Половецкое поле. Маленькая повесть. Рассказы — страница 2 из 13

Страстно, неуступчиво он спросил себя вслух:

— Вправе ли я зваться русским князем, достоин ли того, чтобы люди слушали и почитали меня, если не оправдаю княжеского сана жизнью, а надо — и смертью?

И без колебаний ответил мысленно: «О родной земле мне назначено пектись прежде, чем о своей или чьей бы то ни было жизни, и быть в этом смелым и мужественным, и жестоким при нужде, и всегда мудрым… А гордыня? — тут же честно спросил он себя. И ему стало жарко, а сердце, словно кто-то сдавил холодными руками. — Разве то, что я один стою перед полем, — мудрость, а не гордыня?..»

Он швырнул плащ и шлем на траву, подставил ветерку лицо.

Вдалеке блестела Ворскла — как сабля, брошенная в травах…

За Ворсклой и начиналось Половецкое поле — незнаемая, неведомая степь, немереные просторы, несчитанные орды кочевников — огромный мир, нависший над Русью темной тучей. С весенними ветрами щла отсюда половецкая конница в киевские, черниговские, рязанские пределы; после себя оставляла пустыню. «Половец что лук: как снег сойдет, так и он тут!» — жаловались русские люди и, не видя защиты от степи, подавались к северу, а поля по верховьям Сейма, Роси, Пселу и Суле пустели год от года.

Редко теперь тут пахари покрикивали, но часто вороны граяли, деля трупы…

«Один — перед полем!.. Гордыня ли это?»

Ветер катил по Травам темные валы, пел чужую песню.

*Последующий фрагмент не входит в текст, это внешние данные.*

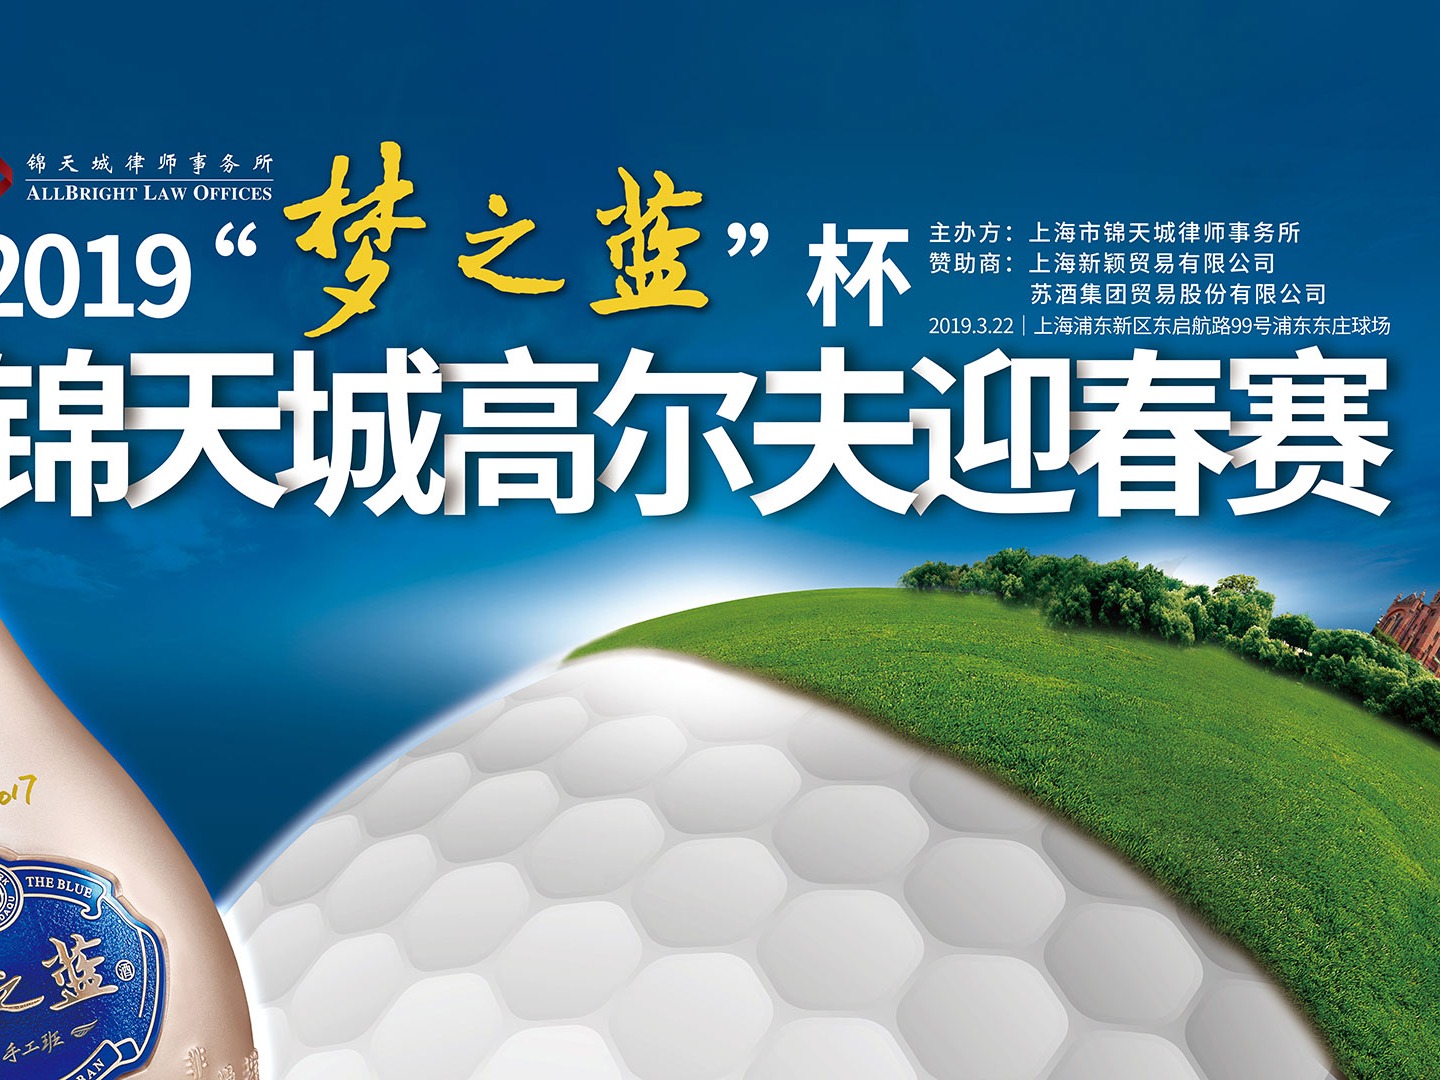 高尔夫运动-蓝牛仔影像-中国原创广告影像素材

Блестела Ворскла в закатных лучах…

Третьего дня, когда за Вырью вышли на след какой-то бегущей к Донцу орды, он, опередив свой полк, в одиночестве ехал сожженным селом, с болью и чувством вины думая о том, как жестоко опустошена восточная окраина его удела. На пепелище нигде не видно было ни души. Стая воронья крутилась, будто черное колесо, над крестом уцелевшей церквушки. Под ее стеной он увидел ровный ряд мертвых… Тут коню заступили путь женщина и мальчик. Они тащили через дорогу труп юноши, иссеченного саблями. Положив его в ряд, женщина одна медленно вернулась к дороге.

— Хлебца бы нам!.. — сорванным голосом сказала она и взялась за повод, словно боялась упасть. — Кто будешь?

— Князь новгород-северский…

Женщина отшагнула и впервые подняла глаза от земли. Они были запавшие, жестокие от скорби.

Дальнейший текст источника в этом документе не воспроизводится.